At least on one locomotive, the one I haven't tried to reprogram multiple times. The road number is 2410, I put in address 10 and it took off perfectly.
Interestingly I tried address 13 on the other locomotive which has a road number of 2413 and nothing. I'm guessing maybe all the attempts at programming this one messed something up?
If you do get around to installing a sound decoder in your Proto 2000 E-unit, I would suggest looking at Scale Sound Systems (SSS) LLPR-ESBK-RC1 and LLPR-ESFR-RC1 speakers...
https://www.scalesoundsystems.com/product-page/life-like-proto-2000-e-units-no-mod-rear-mount
The "ESBK" speaker is for the back end of the Proto E-units and the "ESFR" for the front. I wired mine in-parallel with a Loksound 5 decoder and they sound terrific together.
PC101 IbanezGuiness OldEngineman OP: I had an Atlas engine (SD35) from that same production era, I never could get that factory-original decoder (the one with "the jumper") to work well. The engine would run, but it was noisy with what seemed to me to be "interference" introduced by the decoder itself. My solution was simple: I REMOVED the factory decoder, and installed a replacement. Since you seem to be getting nowhere, this is the solution I recommend to you. The decoder you want is a Soundtraxx MC2H104at. This is a NON-sound motor-only decoder, that has the exact same dimensions as the factory board -- swaps out easily. It also has the same connections, should be an easy wire-for-wire replacement. Although others in the forum would disagree, I always use the plastic "wire retainers" instead of soldering -- makes it easier when you need to disassemble again. Because someday you probably WILL need to "get into it" again. Also, I WOULD use solder to "tin" the ends of the wires -- makes them stiffer and grips the retainers/contacts better. Once I replaced the decoder, the engine now runs far, FAR better -- smooth and quiet. I predict the same results for you if you go this route. Thanks for this. If I do replace the decoder I'd like to go ahead and add sound. Is there a drop in replacement decoder that has sound? Wow times flies. On Febuary 5, 2017 I installed in at least 6 Atlas GP-38's the TCS WOW KIT #1773-WDK-ATL-3. This kit consisted of 1) AK-MB1 ''mother board'', 1) WOW 121 Diesel "baby board?'' and 1) univ-SH1C & speaker. The speaker is mounted and goo glued in the Dynamic brake hatch/blister facing down. If there is something better then this at this time I am sure you will hear about it soon.
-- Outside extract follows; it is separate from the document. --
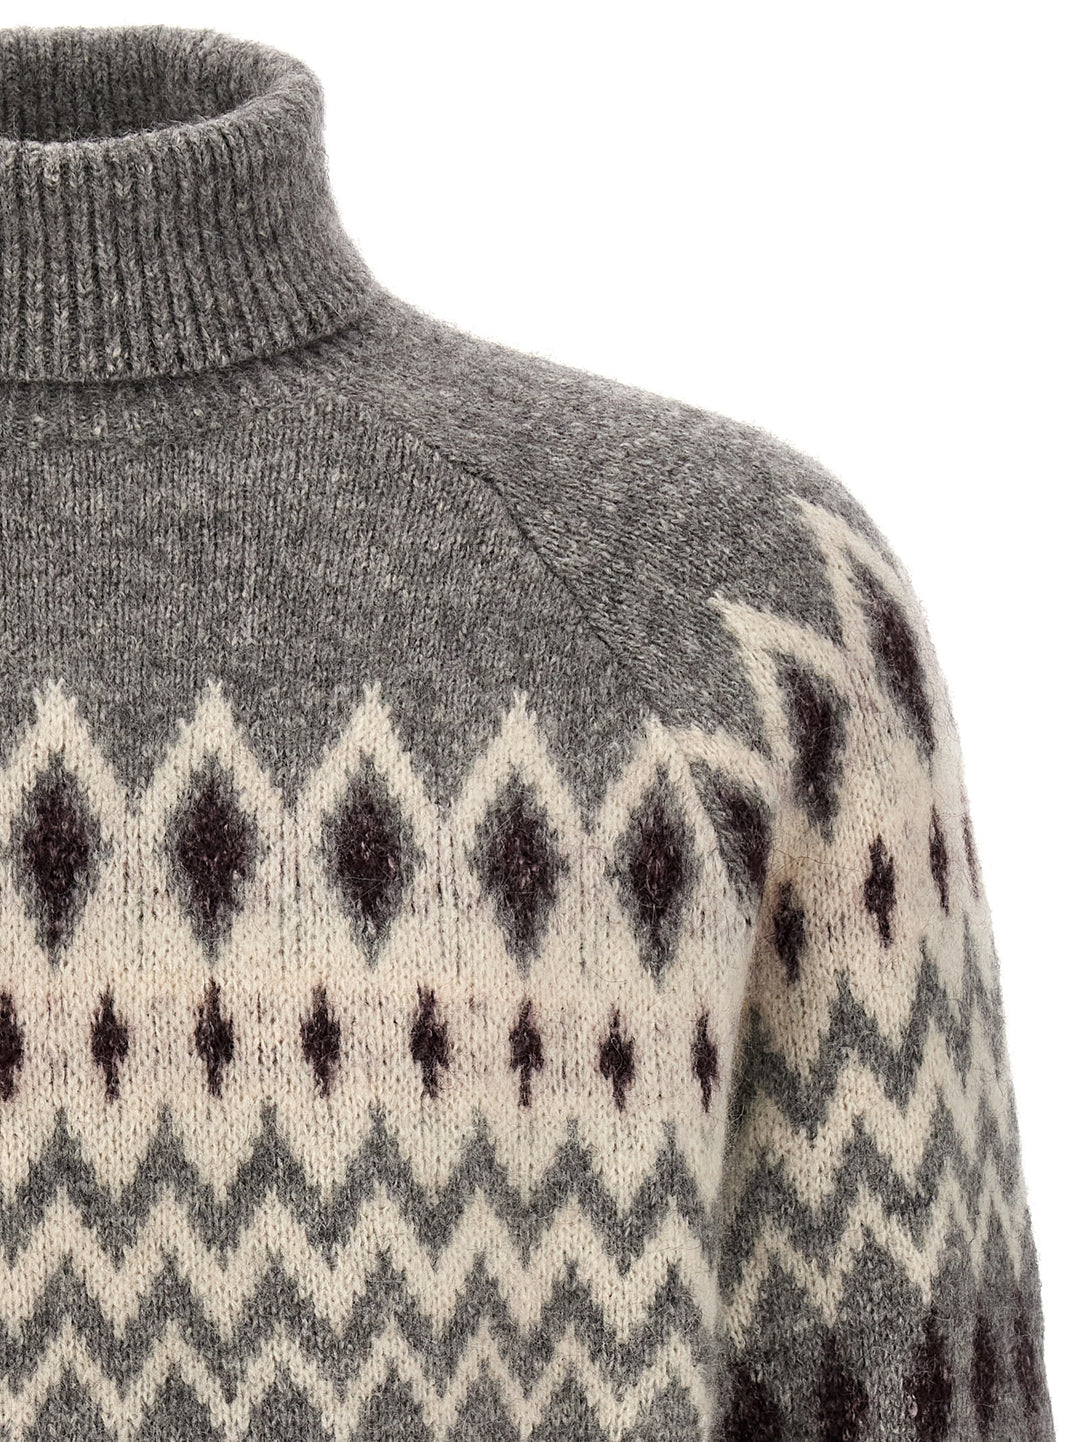 Jacquard Patterned Sweater Maglioni Grigio

It would be called a daughter board. in this case a 21pin decoder.
the TCS boards are nice, because they are tailor made for the loco and have built in keep alives, but the cost is pretty high.
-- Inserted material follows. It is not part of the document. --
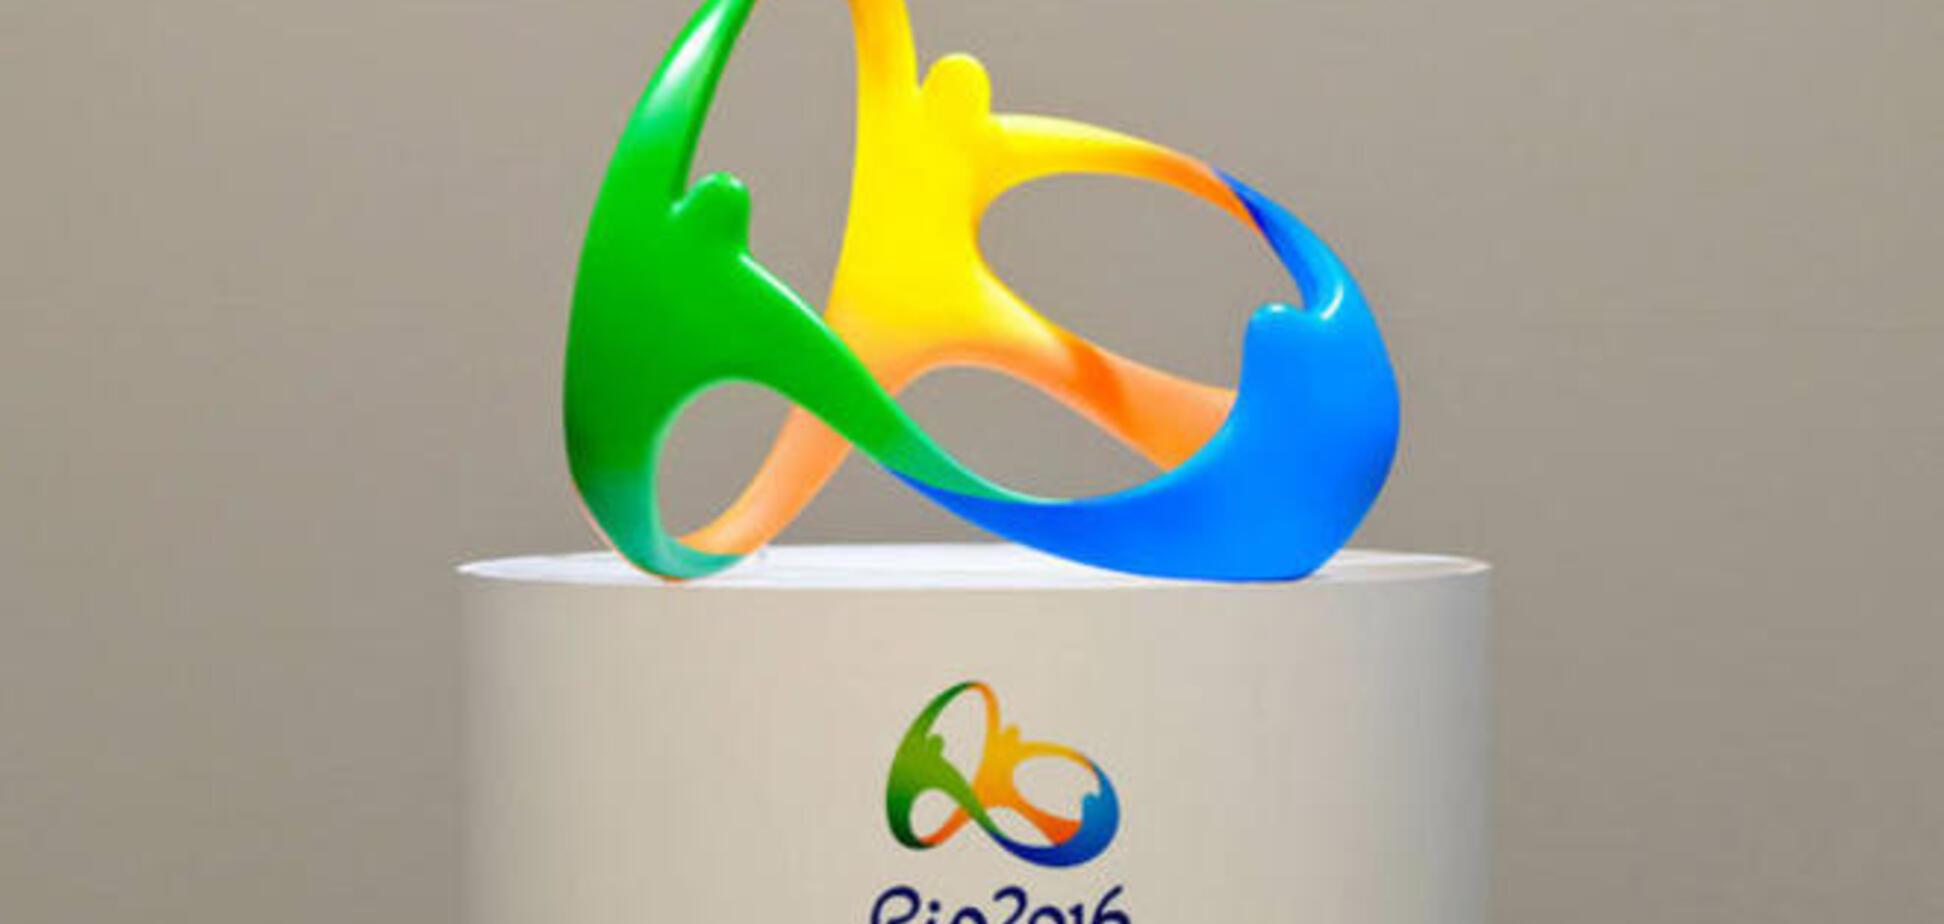 Олимпиаду-2016 могут перенести из Рио-де-Жанейро в Лондон

Nixtrains Decoder buddy is a more generic option. It isn't quite as form fitting....but it only costs $10 and has a detachable daughtercard that you wire the lights to so when you pull the shell out you don't have to deal with wires going everywhere.
https://yankeedabbler.com/products/nixtrainz-decoder-buddy-version-v5b-ntz5-motherboard-for-21-pin-decoders-scale-ho-nix-decoderbuddy?variant=47725625671988¤cy=USD&utm_medium=product_sync&utm_source=google&utm_content=sag_organic&utm_campaign=sag_organic&gad_source=1&gclid=CjwKCAjwqMO0BhA8EiwAFTLgIKtFzPSyVopnoxHa0f7qC0zP2x97yOSNHzWbfZmk0CEu3-vkouIavxoCZPAQAvD_BwE
Worth noting that both the decoder buddy and the TCS board work with any manufacturer 21 pin decoder. So you can get the tCS board and put a soundtraxxx decoder on it.
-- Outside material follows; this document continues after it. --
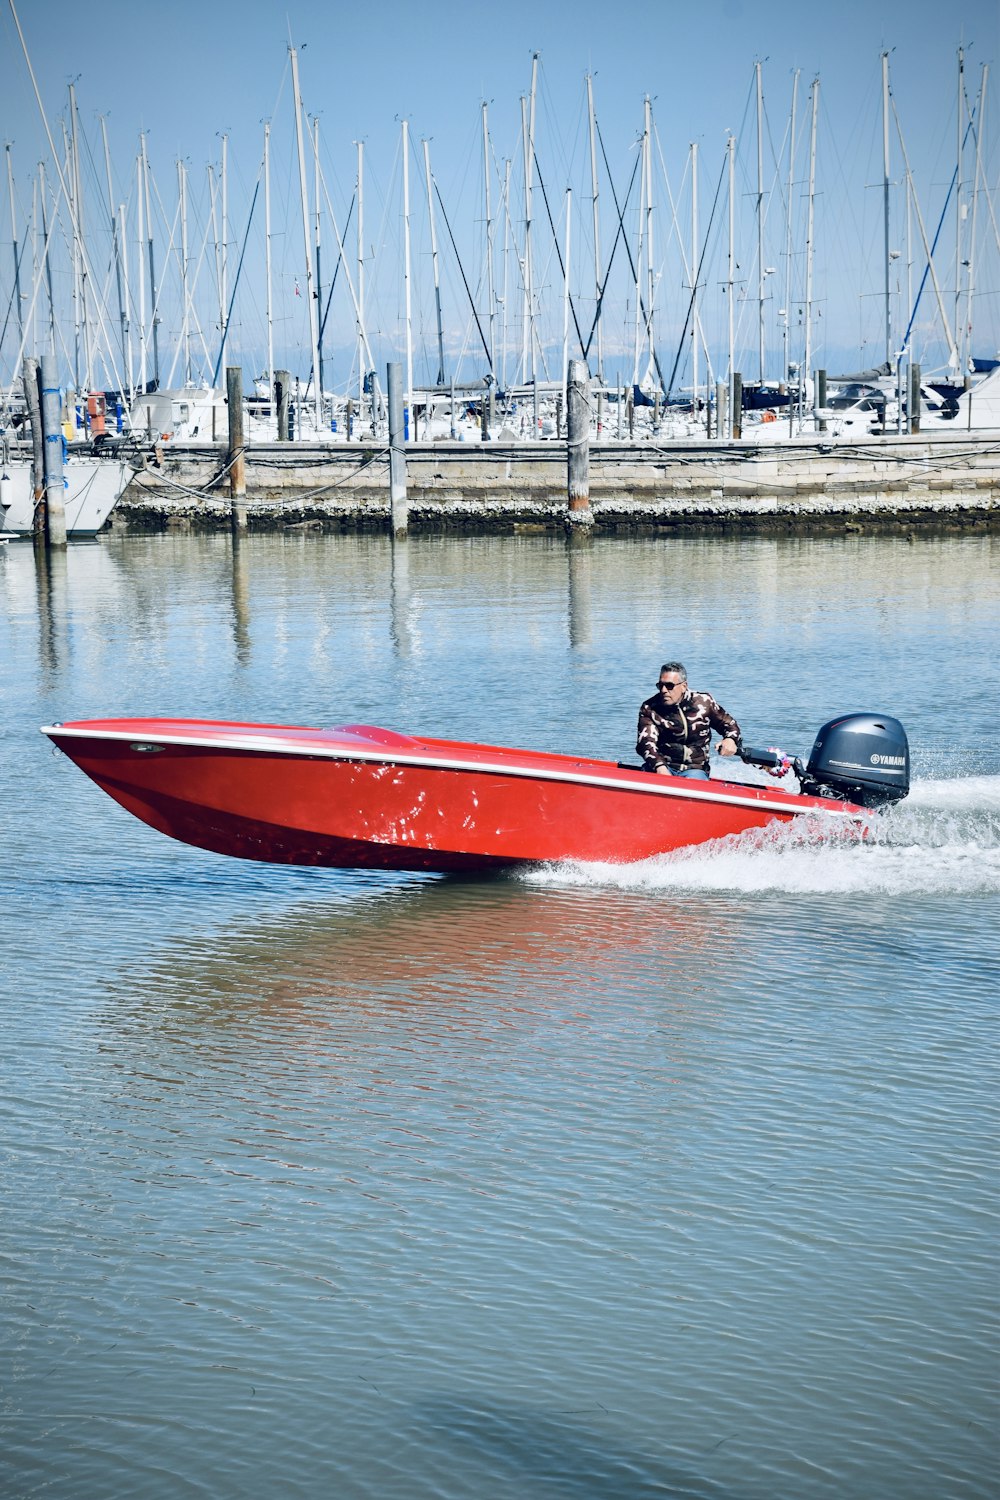 Ein Mann fährt ein rotes Schnellboot auf einem Gewässer

I can second YoHo1975's suggestion regarding using Decoder Buddies. I had never installed a decoder and over the past winter decided it was time to learn. I pulled out original QSI decoders out of 6 various diesels and installed Decoder Buddies and then plugged in 21 pin decoders (some Soundtraxx, some LokSound). Easy Peasey! And I suggest for speakers Scale Sound Systems (SSS). They are individually designed for particular manufacturer/models and sound great.
Regards, Chris
IbanezGuinessInterestingly I tried address 13 on the other locomotive which has a road number of 2413 and nothing. I'm guessing maybe all the attempts at programming this one messed something up?
Could be. Maybe try manually resetting some CVs. Set CV29 to 6. Set CV17&18 (long address) each to zero. Then set CV1 (short address) to 13. See if it recognizes it. If it does, you can always go back later and make changes like using the long address, adding momentum, etc., but let's see if it works OK first.